Une dégradation de la situation financière de la poste due à une nouvelle baisse des métiers historiques et à une rentabilité insuffisante des activités de diversification
Avec près de 233 000 collaborateurs « postiers » dont 60 500 facteurs, le groupe apparaît comme le deuxième employeur public de France après l'État. À travers La Poste Société anonyme (SA) et par le biais de filiales, La Poste réalise désormais 44 % de son chiffre d'affaires à l'international et opère sur de nombreux secteurs au-delà du courrier. En effet, depuis son plan stratégique 2014-2020 intitulé La Poste 2020 « Conquérir l'avenir », le groupe a cherché à compenser la baisse de son activité traditionnelle en se développant sur la logistique et la bancassurance ainsi que sur de nouveaux relais de croissance dans des secteurs éloignés de son cœur de métier (comme acteur de proximité en matière de santé, autonomie et numérique).
Ce développement s'est traduit par une augmentation de son chiffre d'affaires, passé de 22 Md€ en 2013 à 25,9 Md€ en 2019, puis à 31,1 Md€ en 2020 avec l'intégration de la Caisse nationale de prévoyance (CNP) Assurances, et 34 Md€ en 2023. Le résultat net a cependant progressé dans des proportions moins importantes, tandis que l'endettement augmentait du fait des acquisitions.
Dès 2022, le résultat net s'est établi à 1,2 Md€ contre 2,4 Md€ prévu. En 2023, le résultat net du groupe est resté positif mais s'est établi à un niveau deux fois inférieur à celui de 2022 ( 514 M€ contre 1 011 M€) et a surtout bénéficié des résultats de CNP Assurances.
La branche Services-Courrier-Colis doit faire face à la chute de l'activité courrier : en 2023, elle ne représente plus que 15 % du chiffre d'affaires du groupe, contre près de 50 % en 2010. Créée en 2021, la branche Grand public et numérique avait vocation à faire croître le chiffre d'affaires réalisé par le réseau des points de contact auprès des particuliers à travers une stratégie de conquête omnicanale (physique, à distance et digitale).

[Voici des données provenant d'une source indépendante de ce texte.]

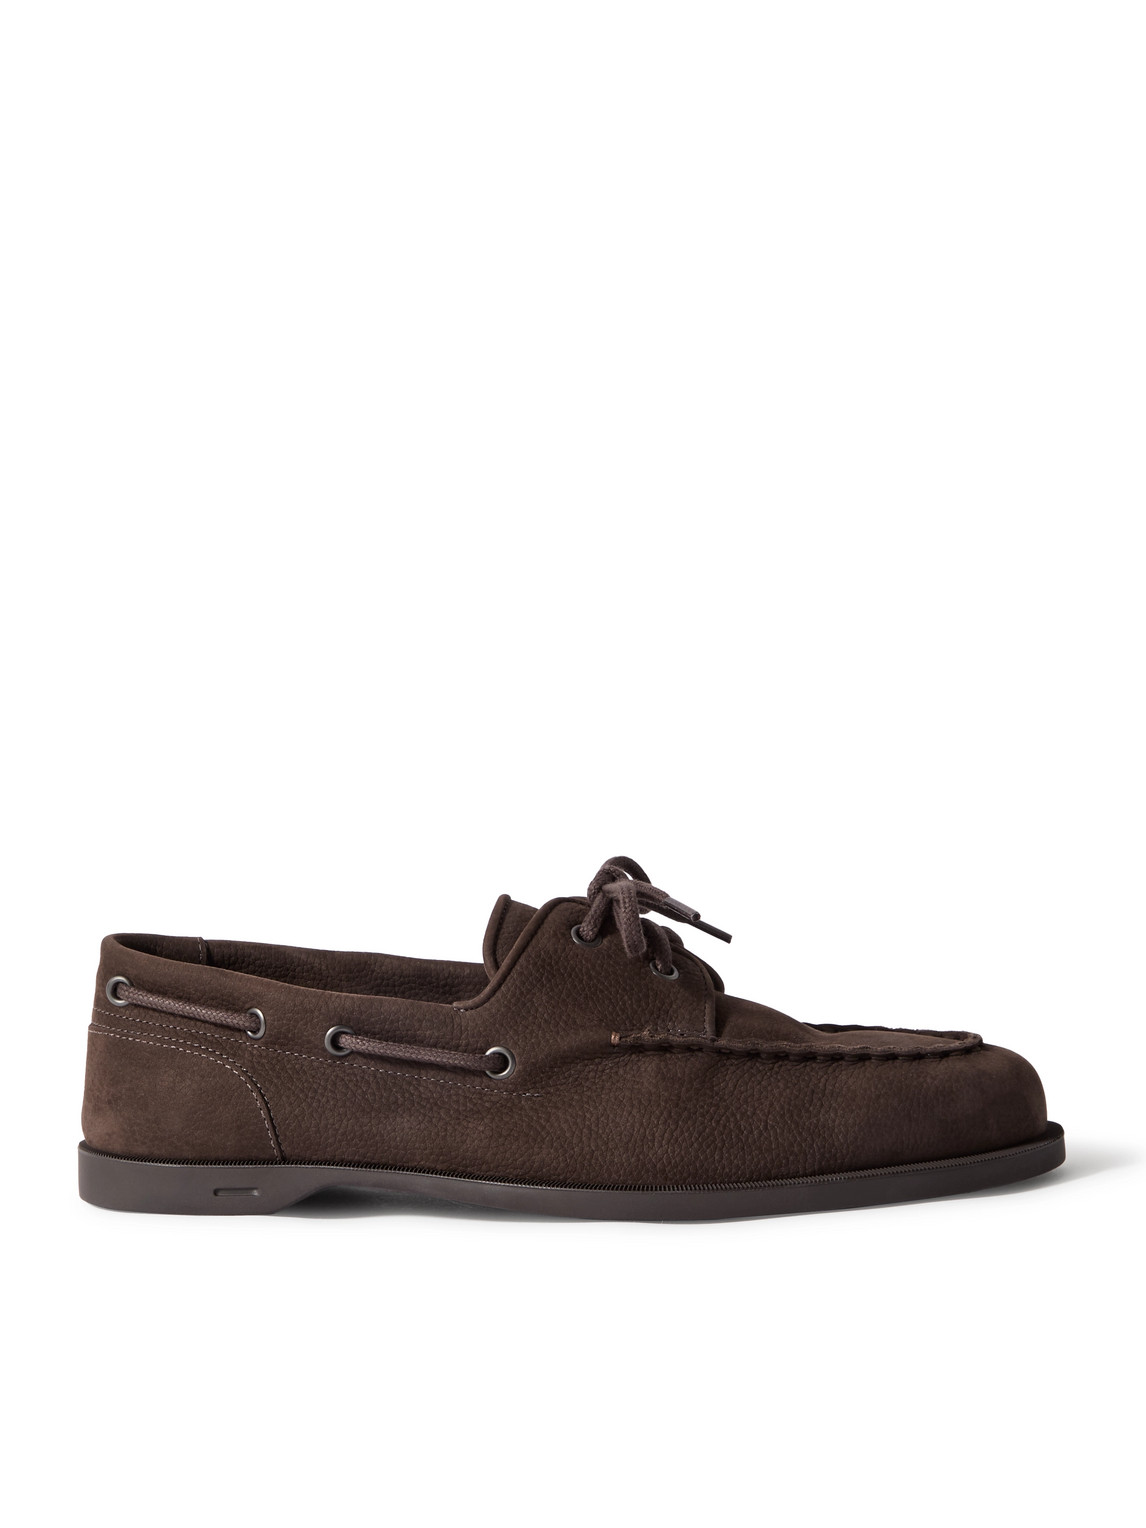 John Lobb Foil Leather Boat Shoes In Brown

Après une année 2023 ayant révélé les fragilités du groupe, la révision de sa trajectoire apparaît encore insuffisante pour consolider un modèle durable à l'horizon 2030.

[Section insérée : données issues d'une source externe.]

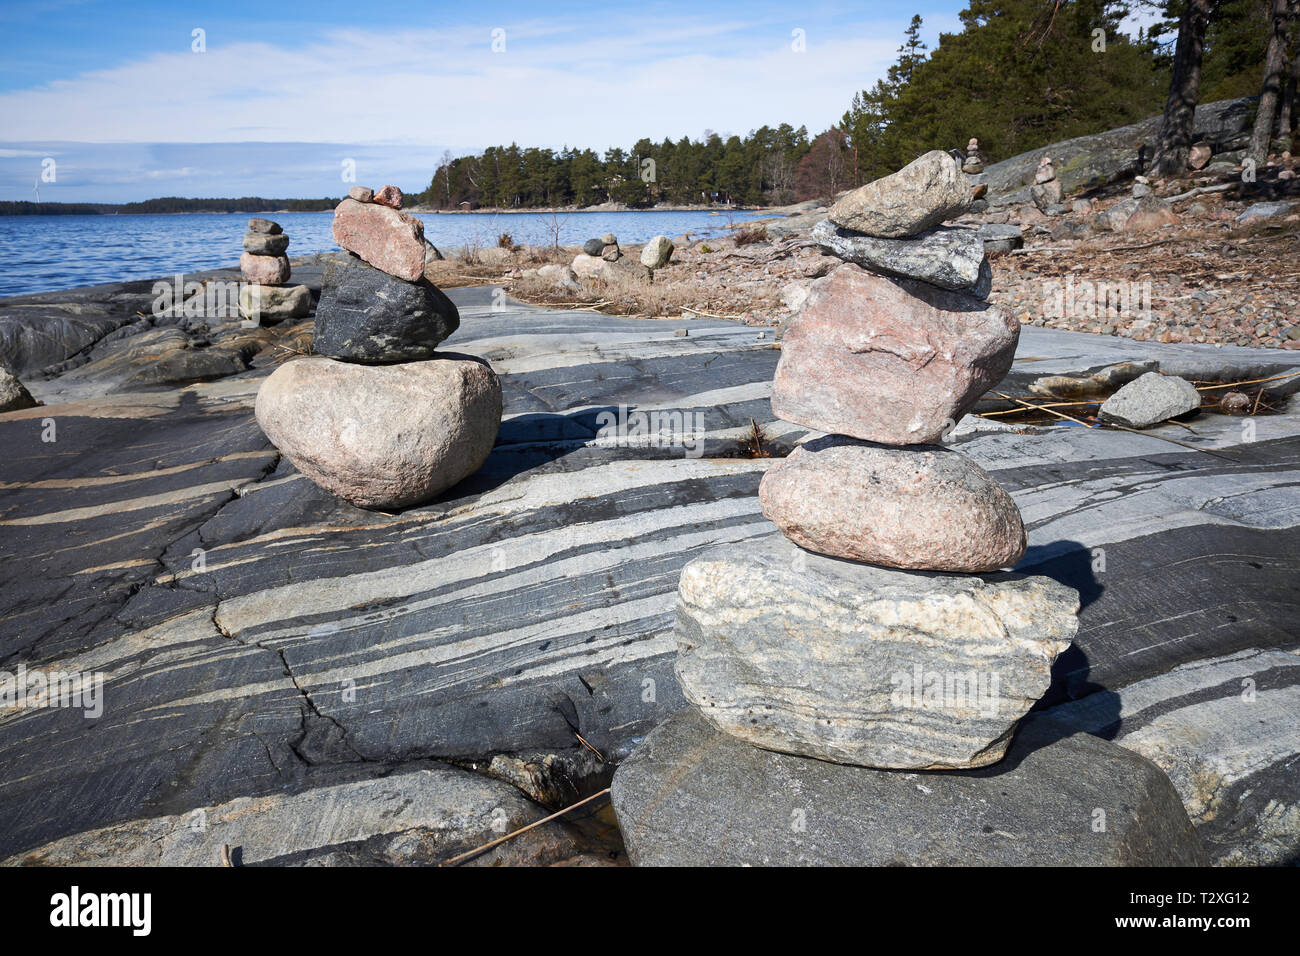 Peaceful summer landscape by the Baltic Sea in Kasnäs, Kemiö, Finland. Wide angle shot of the rocks on the seashore in the Finnish archipelago. Stock Photo

Une réflexion sur les missions de service public doit en particulier être engagée, nécessitant un nouveau pacte social entre La Poste, ses actionnaires, les élus, les citoyens et les collaborateurs du groupe. Ceci impose une nouvelle révision du plan stratégique, allant au-delà de la simple actualisation annuelle.
Réussir à trouver un consensus sur les missions de service public
Le législateur a confié au groupe La Poste quatre missions de service public : le service universel postal, le transport et la distribution de la presse, une contribution à l'aménagement du territoire et l'accessibilité bancaire. Par rapport aux autres opérateurs postaux européens, les missions de service public confiées au groupe La Poste sont à la fois plus nombreuses et plus exigeantes.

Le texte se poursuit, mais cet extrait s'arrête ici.